I was sure this was a lead-in to a Fictional Conversation. No such luck - yet!
Unfortunately, the store was stocking only 12-pounders and 22-pounders during our time there, which is of course my fault. This created a bit of consternation for The Blonde Accountant as I struggled to maintain the integrity of Rule No. 1.
Hey, it will be funny if you keep referring to this Rule No. 1 thing. Please do so at lease once every other paragraph.
A nice gentlemen working at the grocery store — apparently he was Assistant Butcher in Charge of Stocking the Turkeys in the Freezer — was standing near us during The Blonde Accountant’s harumpfing portion of the turkey dilemma and witnessed the exchange.
Chalk up our third elaborate fictional title.
“You stay here with the 12-pound turkey, I’m going to the other freezer to see if they have bigger ones,” said The Blonde Accountant.
As she vacated the area, the butcher sauntered over to me, got real close to my ear, like he was revealing a state secret about turkeys, and whispered: “I had a lady earlier today who wanted a 20-pound turkey. I had one that weighed 19.97 pounds. She wouldn’t take it because it wasn’t 20 pounds.”
“Did you say anything to her?” I asked.
“No, I just shut up,” he said.
Atta boy. We need to get that guy to the next meeting of the Stupid Man Club to vote aye on Rule No. 1.
It's highly unlikely that this guy would initiate such a conversation. But I appreciate the monumental effort Morsch exerts to make the whole thing seem like a work of Swiftian genius.
We ended up with a 22-pound turkey, which was really no surprise to me.
When we got to the cranberry aisle, The Blonde Accountant exclaimed: “Oh, we need cranberry sauce!” Kind of like she had almost forgotten about it.
“Who eats cranberry sauce in our family?” I asked, which certainly could have been considered a minor infraction of Rule No. 1.
I want to revise my "Rule No. 1" for comedy to read: "Repeat the same joke fifteen times."
“Nobody,” she said as she put the cranberry sauce into the cart.
Hmmm. See, if I would have further questioned the cranberry decision, I risked being flagged for excessive man stupidity as well as violating Rule No. 1.
Alright, that's quite enough, sir.
The answer is quite simple, of course: Cranberry sauce is a traditional part of the Thanksgiving meal and we are thankful to have it grace our table.

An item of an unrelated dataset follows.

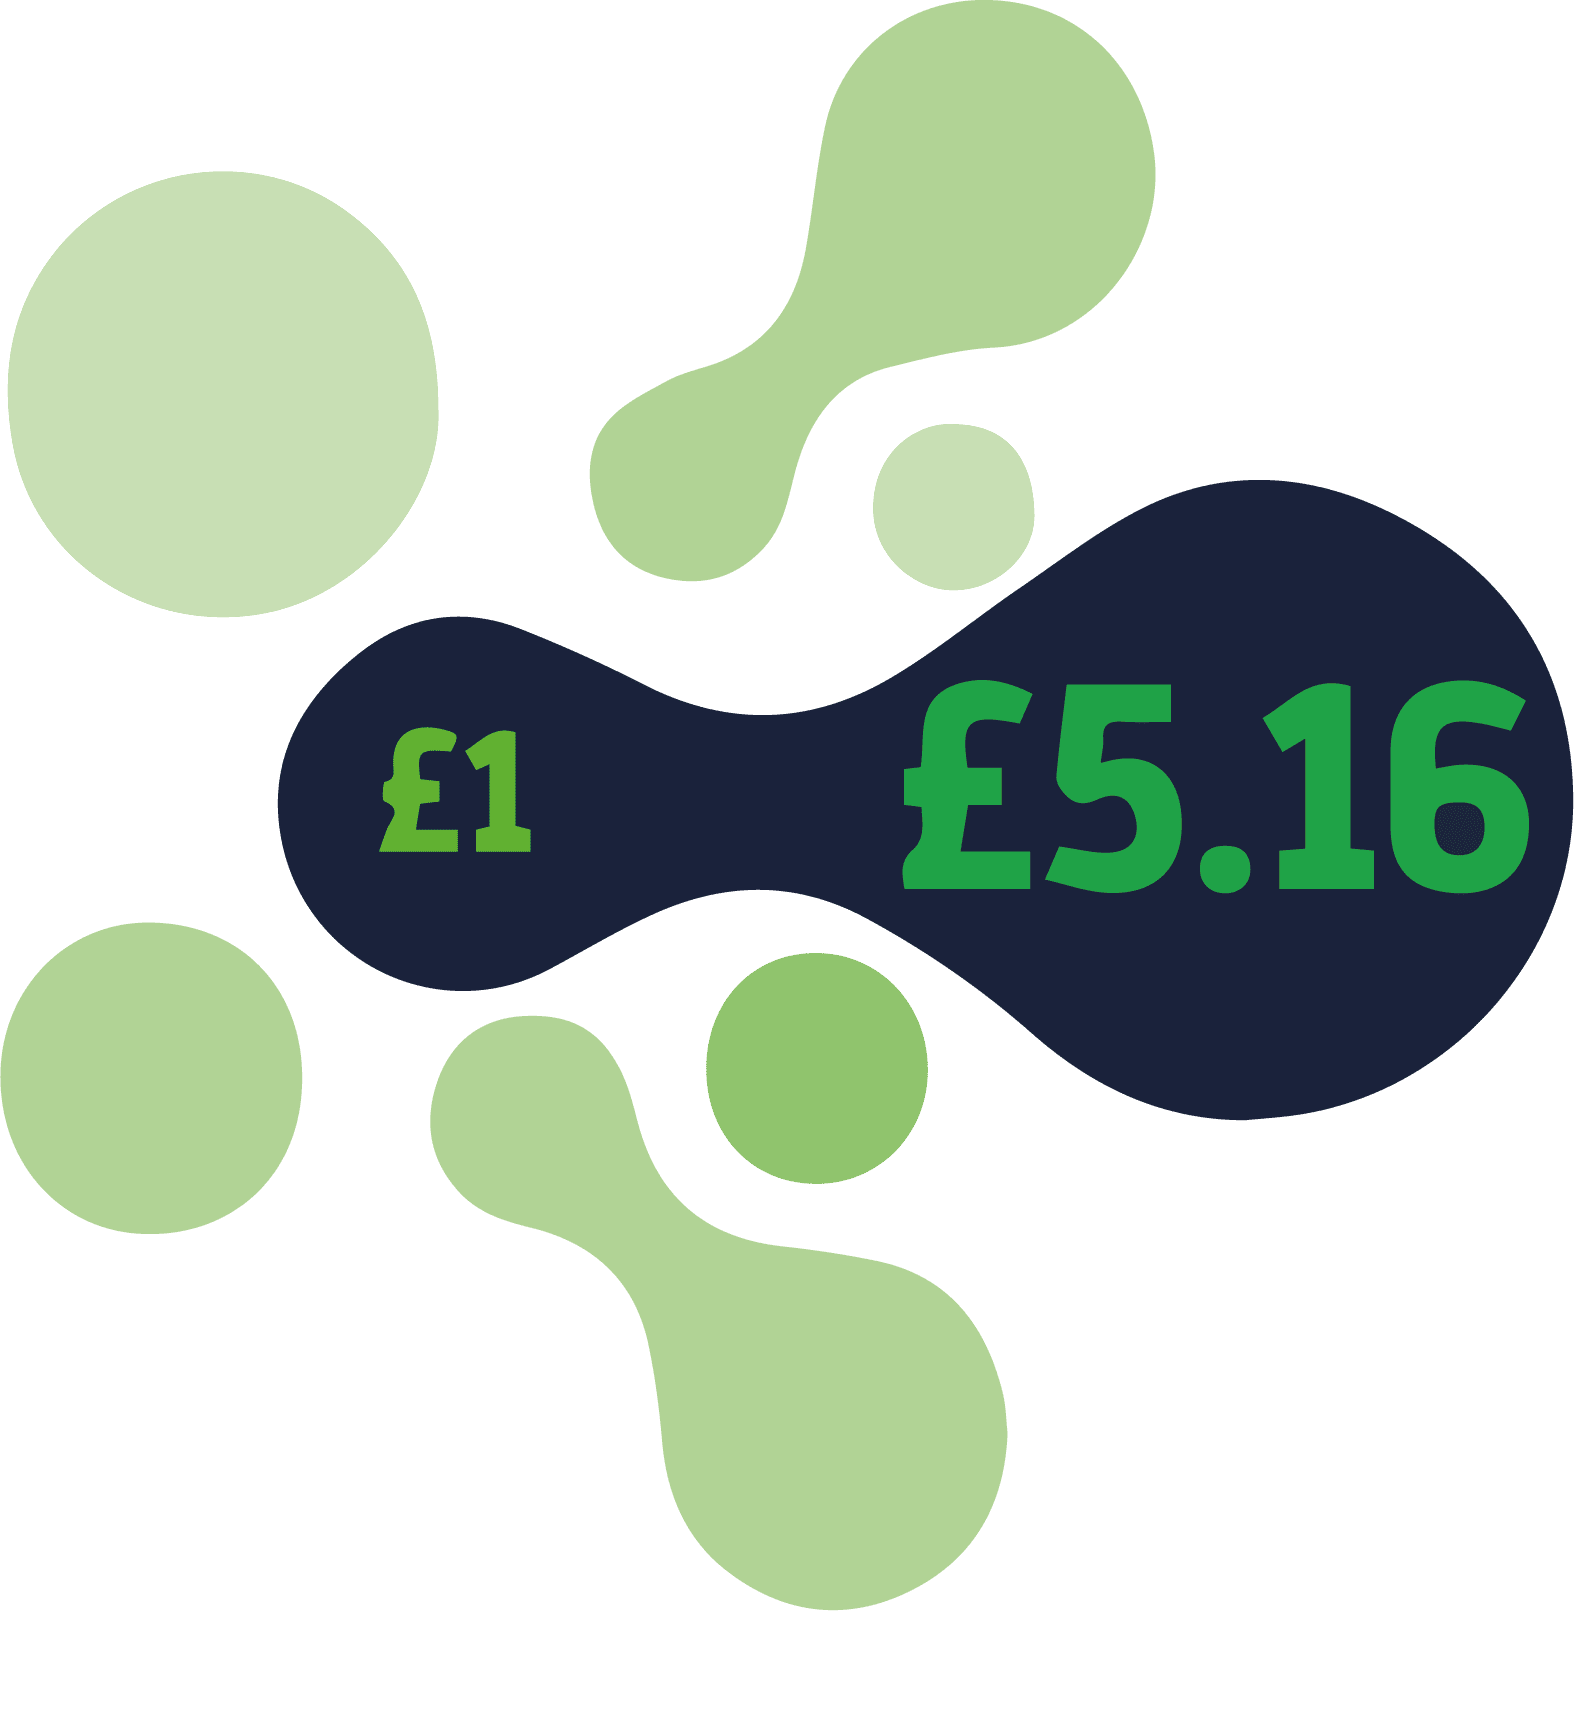 Funding leveraged (002)

Fortunately, I like turkey, so eating the leftovers through the end of March shouldn’t be a problem. As for the cranberry sauce, we will try to share it with someone less fortunate, someone who maybe even likes cranberry sauce.
I don't understand the flow of the last two paragraphs in the least.

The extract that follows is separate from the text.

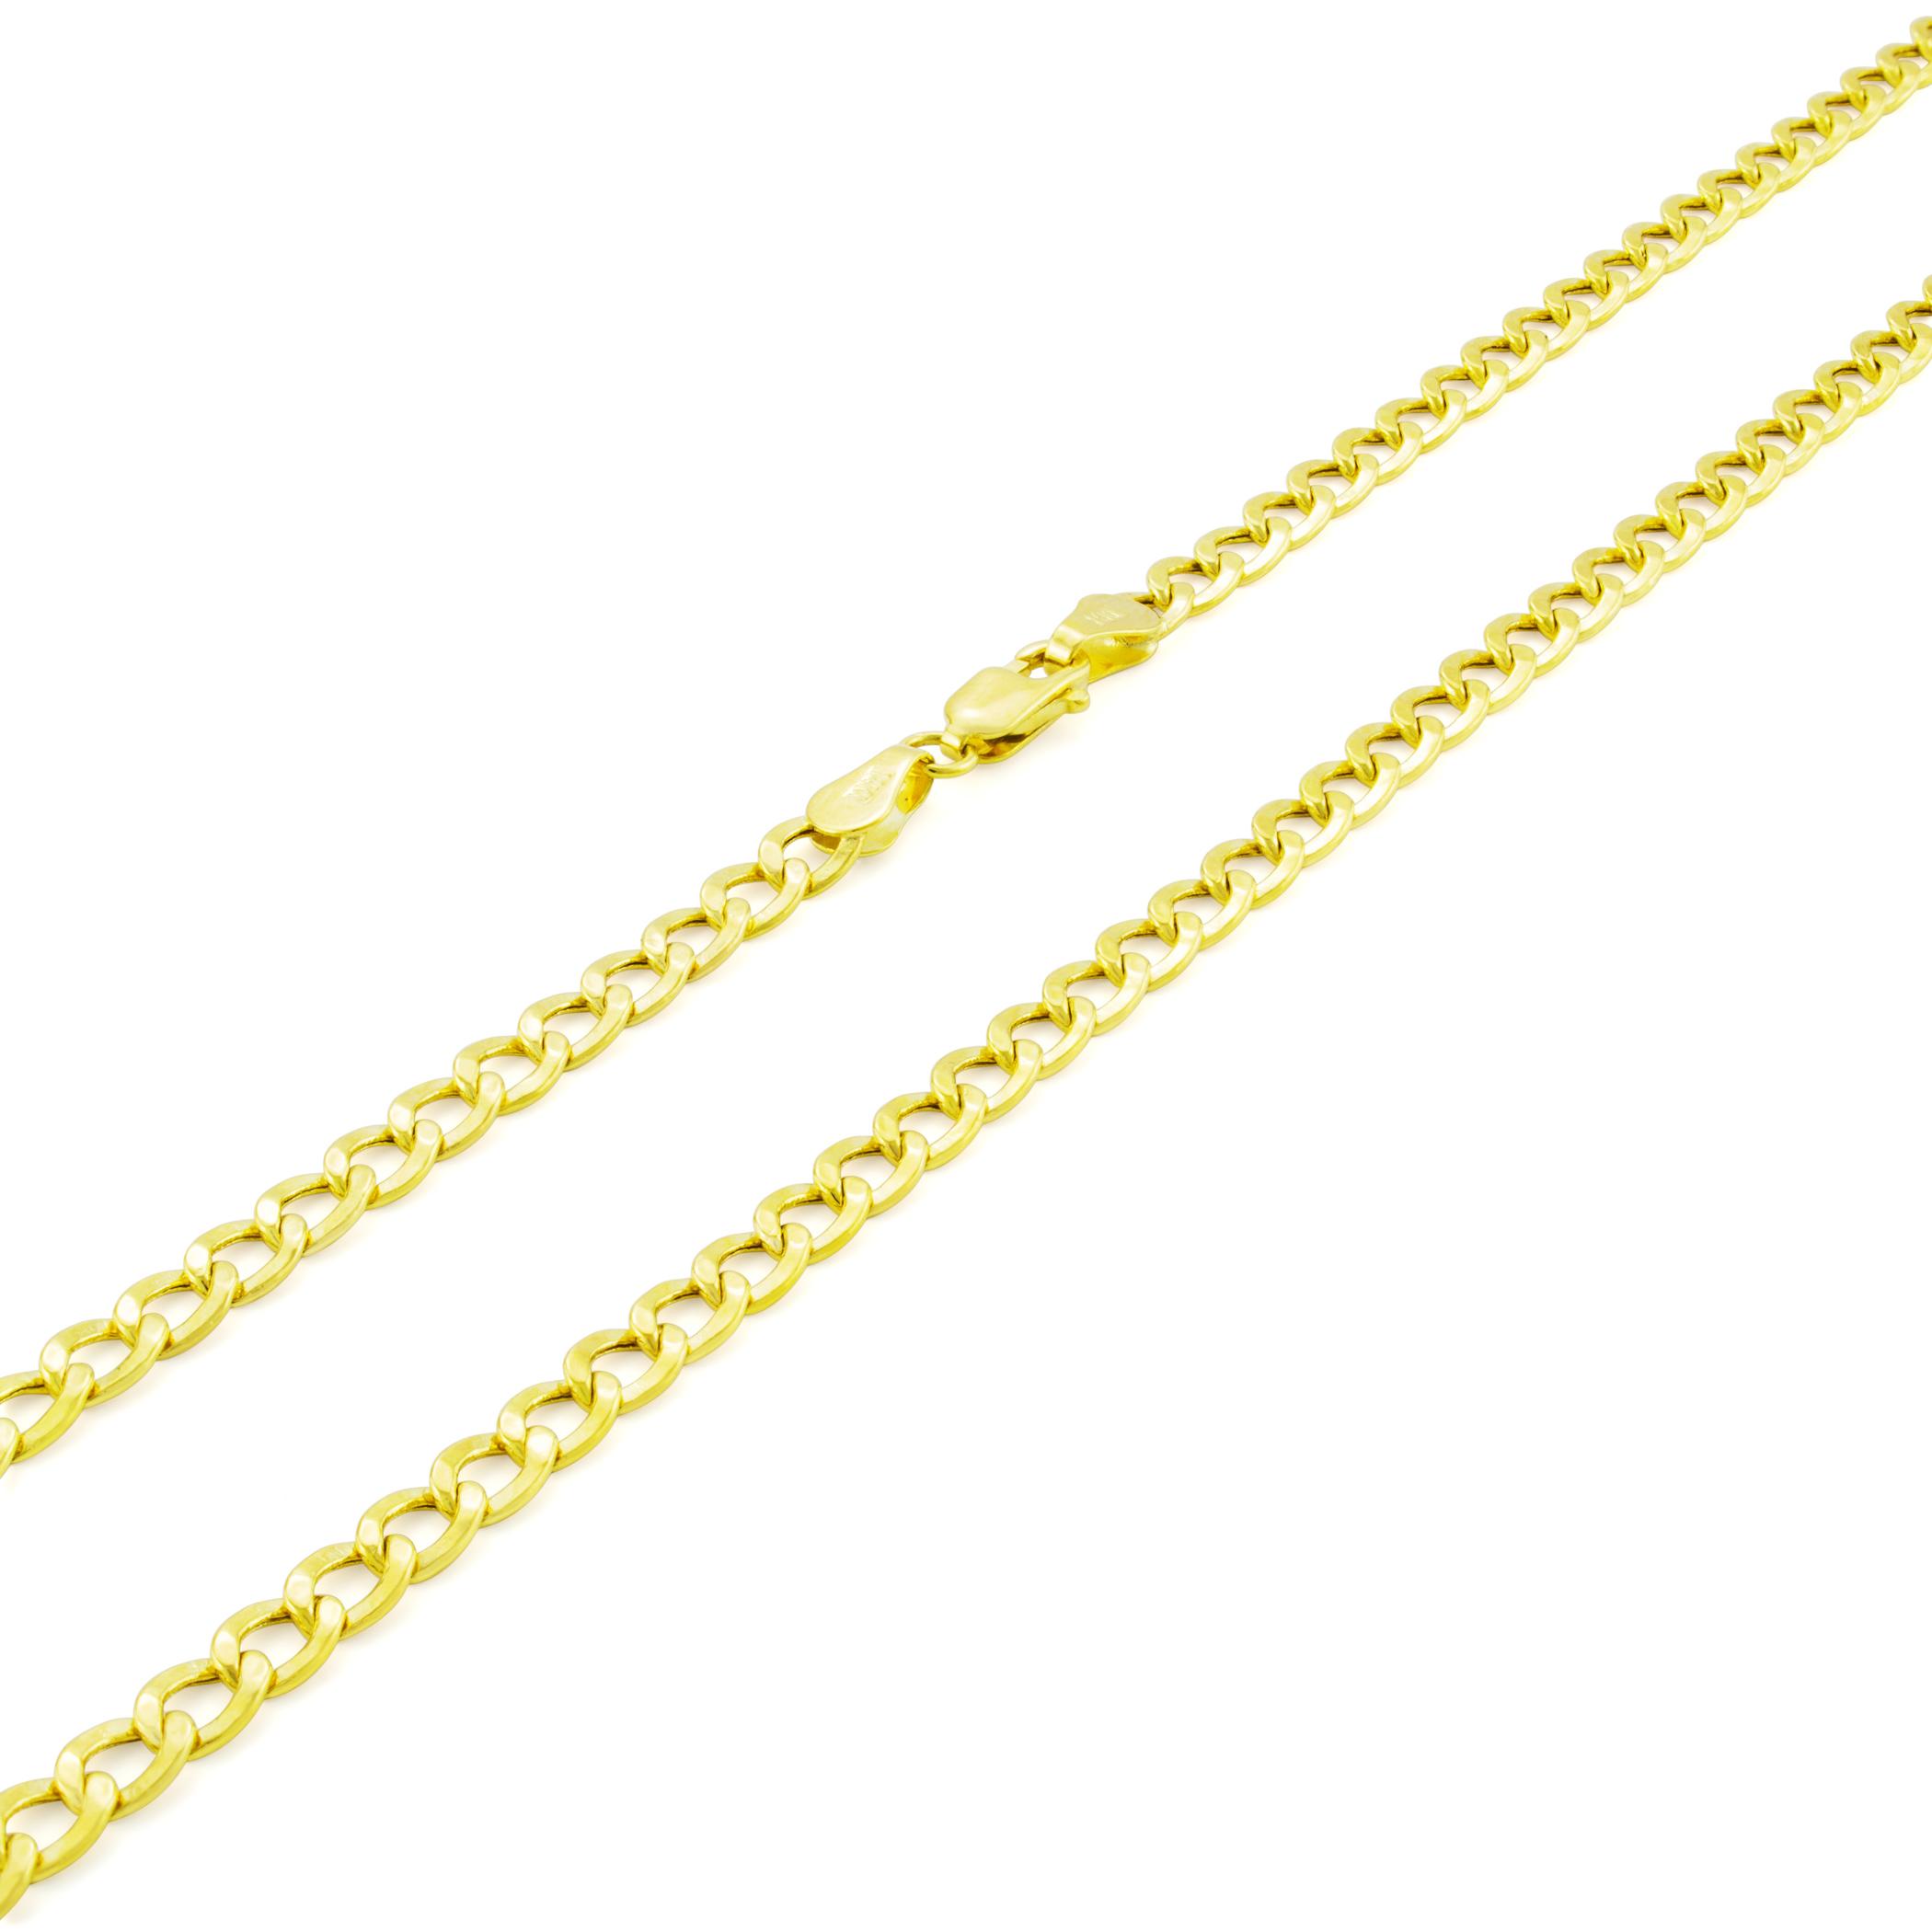 14K-Yellow-Gold-3-5mm-Women-Curb-Cuban-Chain-Link-Bracelet-Anklet-Chain-7-034-8-034-9-034 thumbnail 17

There are a lot of things to be thankful for this time of year. One of those is that I have a wife who on top of everything else puts a tremendous amount of love and effort in the holiday meal for her family.
Flag me if you must for a rules violation, but I’m not shutting up about how thankful and appreciative I am about that.
For the record, I'm incredibly disappointed that he didn't say "Turkey Day," and that he deprived us of one last uproarious "Rule No.1" reference.